Aldair

Personal information
- Full name: Aldair Cruz dos Santos
- Date of birth: 4 September 1989 (age 36)
- Place of birth: Trindade, São Tomé and Príncipe
- Height: 1.89 m (6 ft 2+1⁄2 in)
- Position: Midfielder

Team information
- Current team: RSD Jette
- Number: 8

Senior career*
- Years: Team / Apps / (Gls)
- 2009–2012: Bon Air Sport
- 2012–2014: Black Star FC
- 2014–: RSD Jette

International career
- 2017–: São Tomé and Príncipe / 1 / (0)

= Aldair Santos =

São Toméan footballer

Aldair Cruz dos Santos (born 4 September 1989), known simply as Aldair, is a São Toméan footballer who plays as a midfielder for Belgian club RSD Jette and the São Tomé and Príncipe national team.

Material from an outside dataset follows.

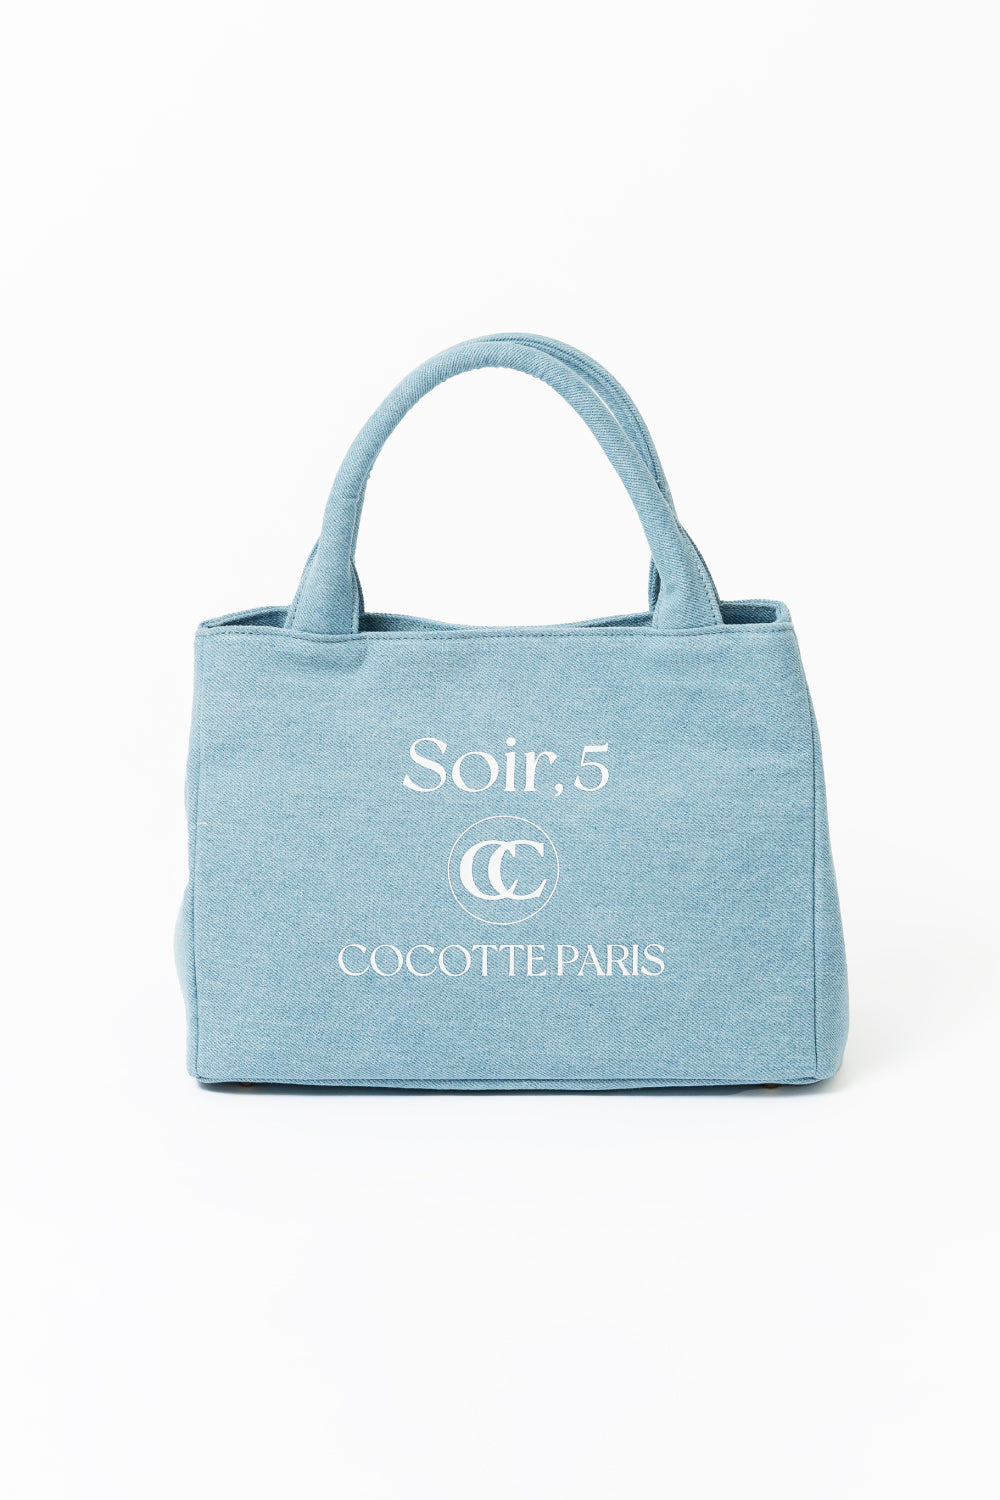 Soir,5 COCOTTE PARIS 完売 ロゴデニムトートバッグ

He left his country at age 13. He joined Belgian provincial side Bon Air in 2009, leaving it three years later when he moved to Black Star, where he played until 2014 when he signed for RSD Jette. As a result of his long-term current residence in Belgium, he also holds Belgian citizenship.

==International career==
Aldair made his international debut on 22 March 2017, when he was a starter in a loss Africa Cup of Nations qualifier against Madagascar.